We have now reached a sensible amount of snow.
This isn't a sensible maximum; rather it is the minimum amount where I only feel anxious rather than terrified by the drive from the shopping centre to the university. First, the road winds uphill beside the gorge through which the river Gléra heads down to meet the fjord. I use the term gorge deliberately as it's one of those steep-sided clefts with a narrow but icy river at the bottom. As is common here there are no crash barriers to stop you going off the road into the gorge should you lose control of your vehicle for some reason.

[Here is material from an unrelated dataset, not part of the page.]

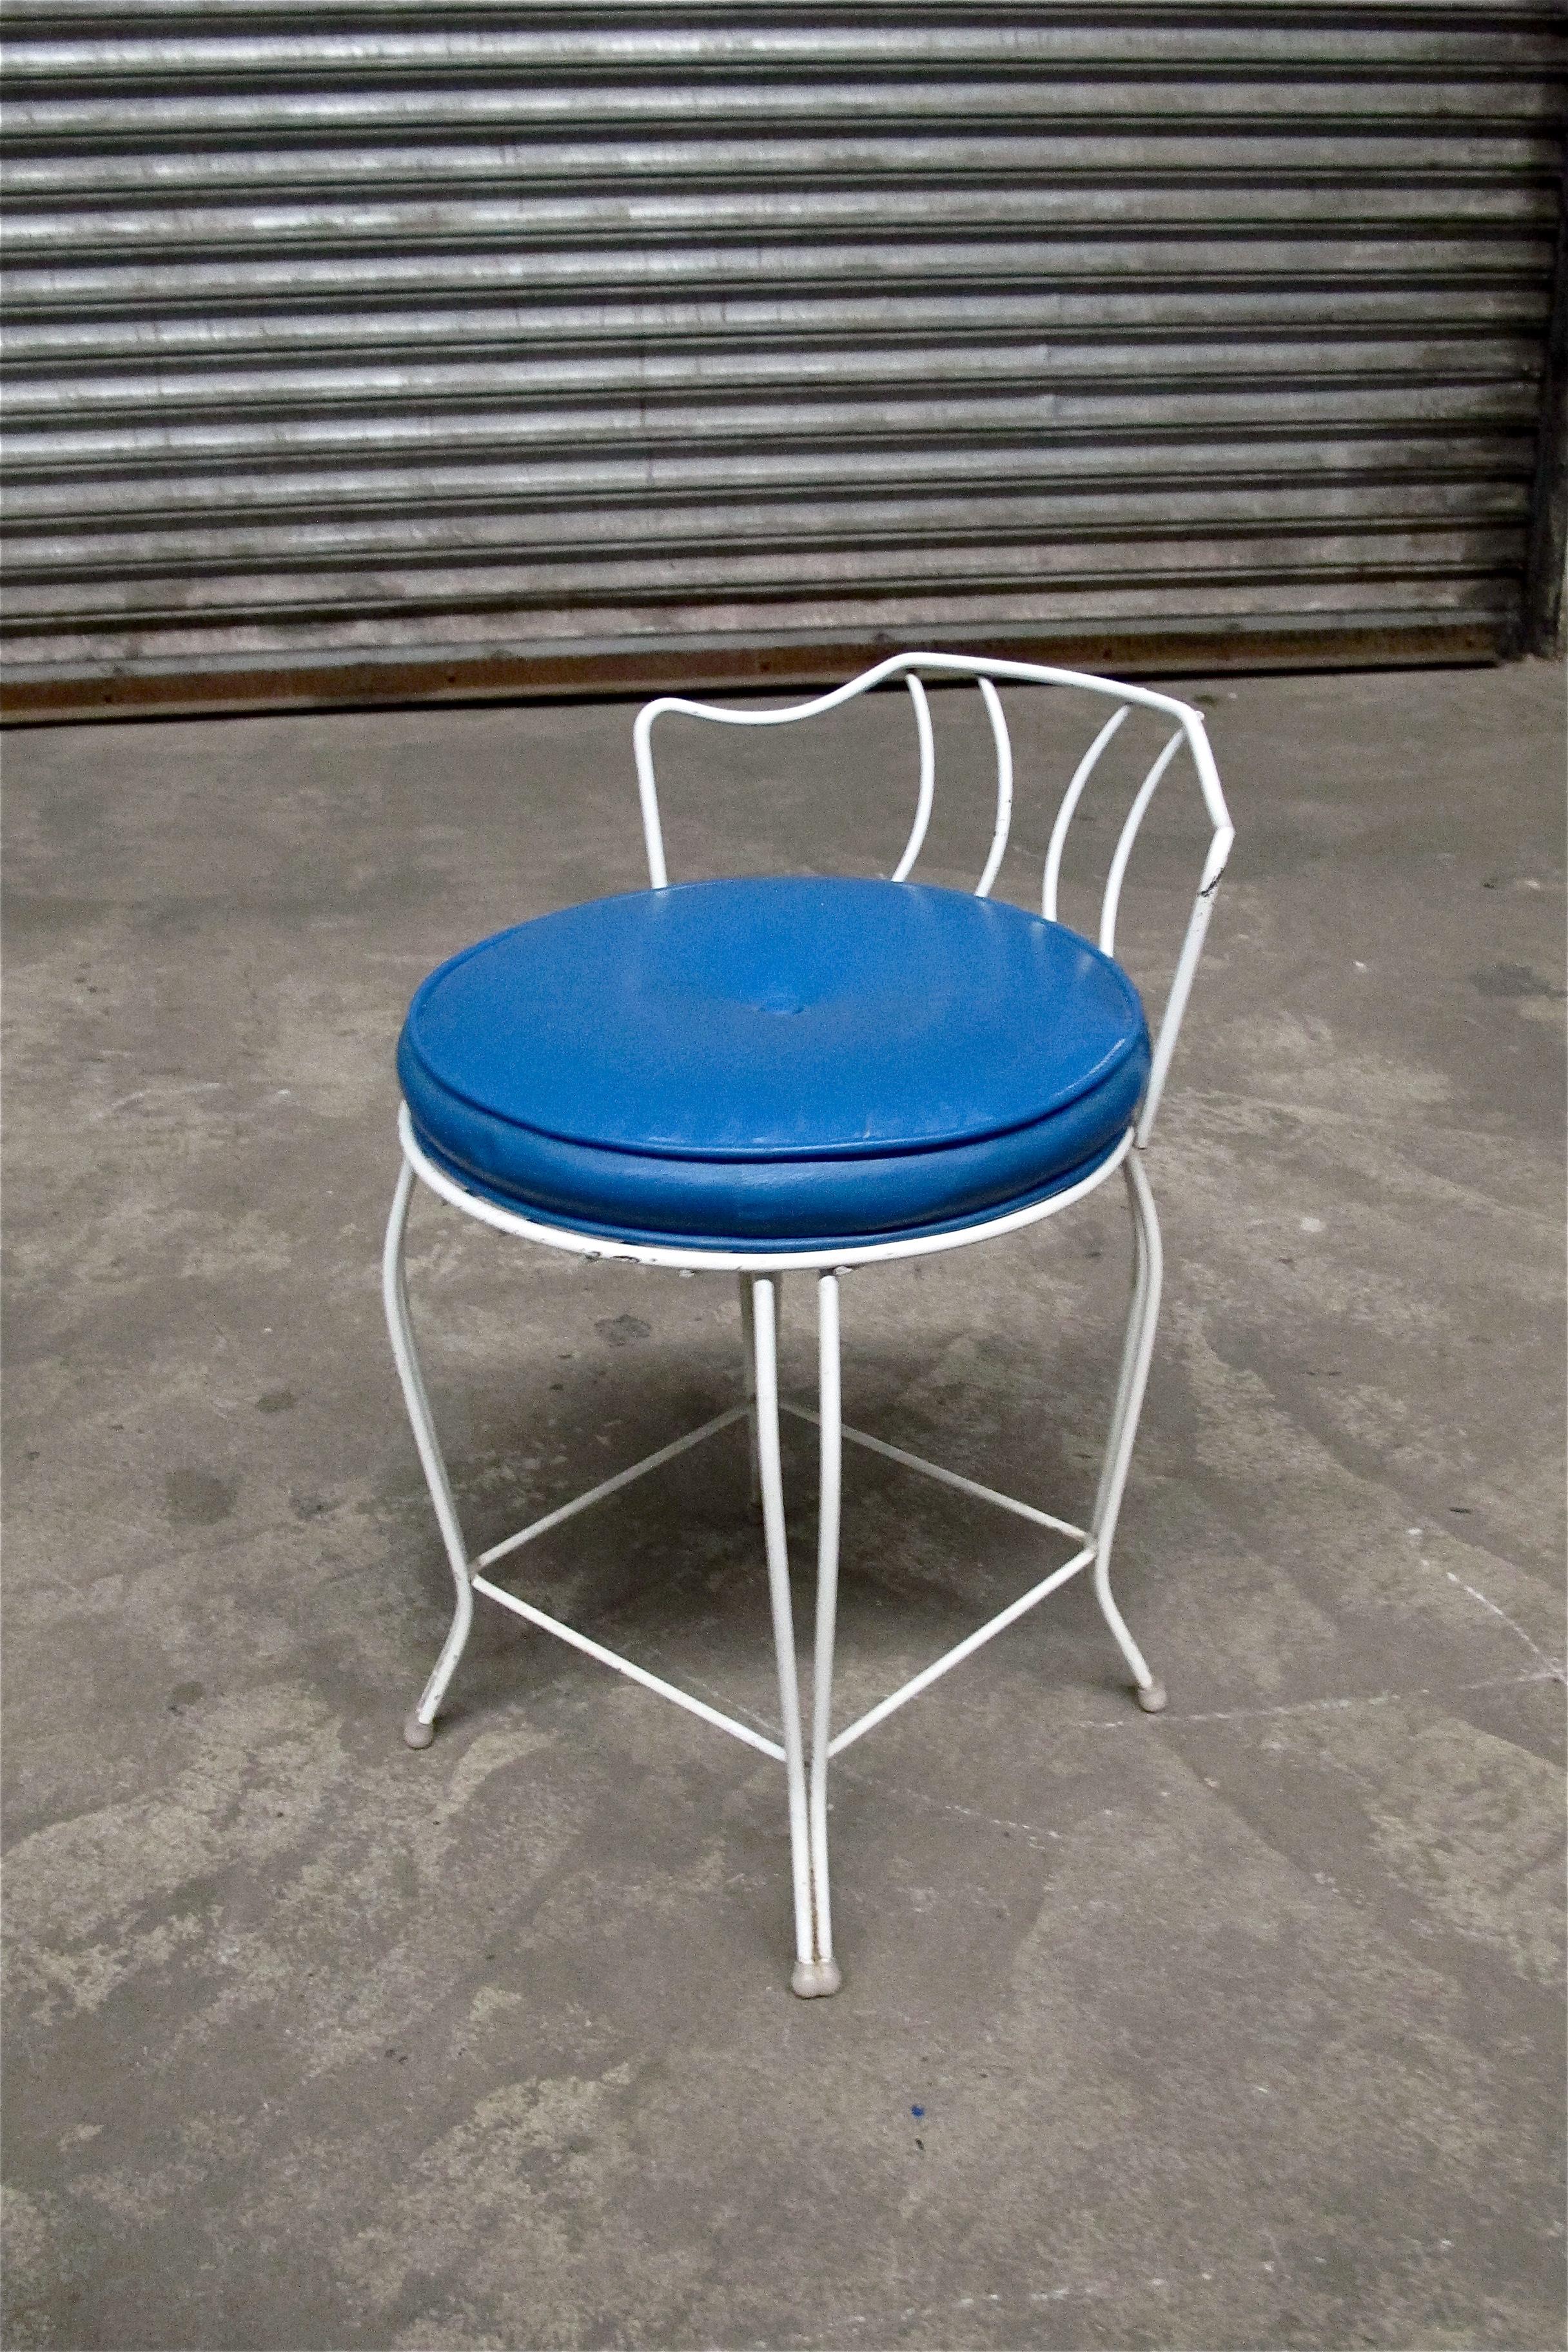 Blue Short White Parlor Chair $35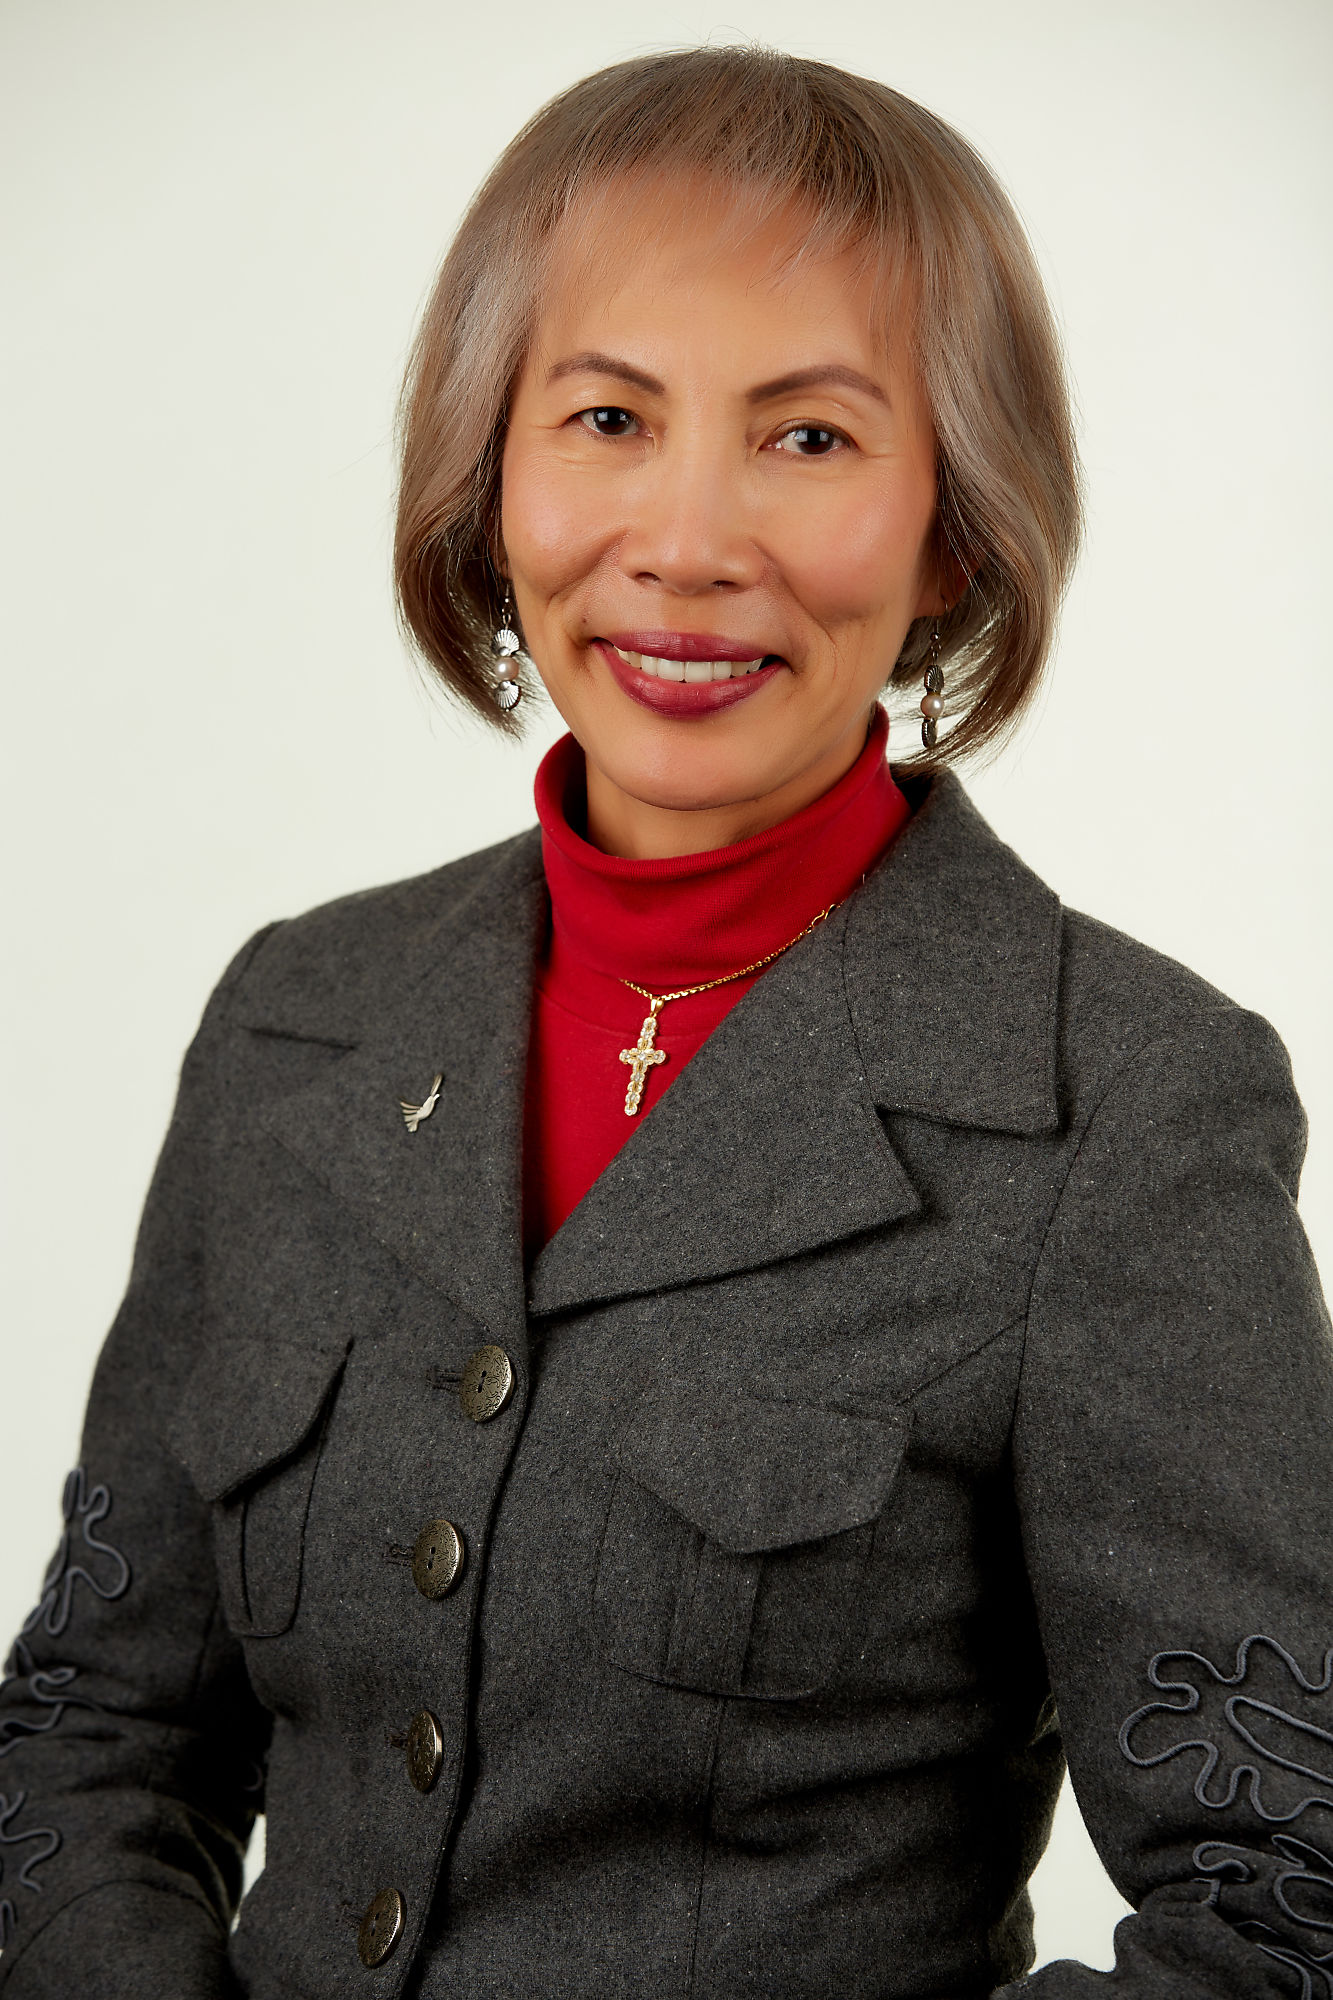 Lailene Leong

Secondly, although I have super-duper sticky tyres my car does still slide about a bit. This is exacerbated by the fact that the roads now have two clear tracks worn away by the constant friction of traffic. On side roads these aren't quite as clear as on the main roads, and sometimes have a very interesting corrugated texture where a heavy vehicle has created tyre tracks that have then frozen into place - it's rather like going over an extended cattle grid - and then been covered by more layers of snow and ice. No matter what the road, it means that there are natural tracks that your wheels follow unless you accelerate and turn more sharply than is recommended given the friction problems. Curiously, I feel that I have less control through the power steering than I had with manual steering - I suspect that this is because I'm getting less feedback through the steering wheel than I'm used to.
These are the reasons to be terrified; the reason to downgrade that terror to mere extreme anxiety is that there has now been enough snow that the snowploughs have created walls of swept snow and ice along both sides of each carriageway. On the road uphill this is now a reassuring foot or so high, forming wall between the road and the gorge beyond. Admittedly it would probably only act as a launch ramp for anyone driving at the 50 km/h speed limit, but as I'm sufficiently anxious that 40 km/h is a rarity and 30 km/h far more common, it's enough to stop me if anything goes wrong. Not that people seem too interested in sticking to the speed limit or, for that matter, signalling their intentions to turn, but that's another story.
The big question here is still whether we'll have a white Christmas. Given the variability of the winter weather over the past few years it's still quite possible that we'll have a thaw and it'll clear up over the next two weeks. Still, I think that the chances of Akureyri having a white Christmas are orders of magnitude above those of Liverpool having one.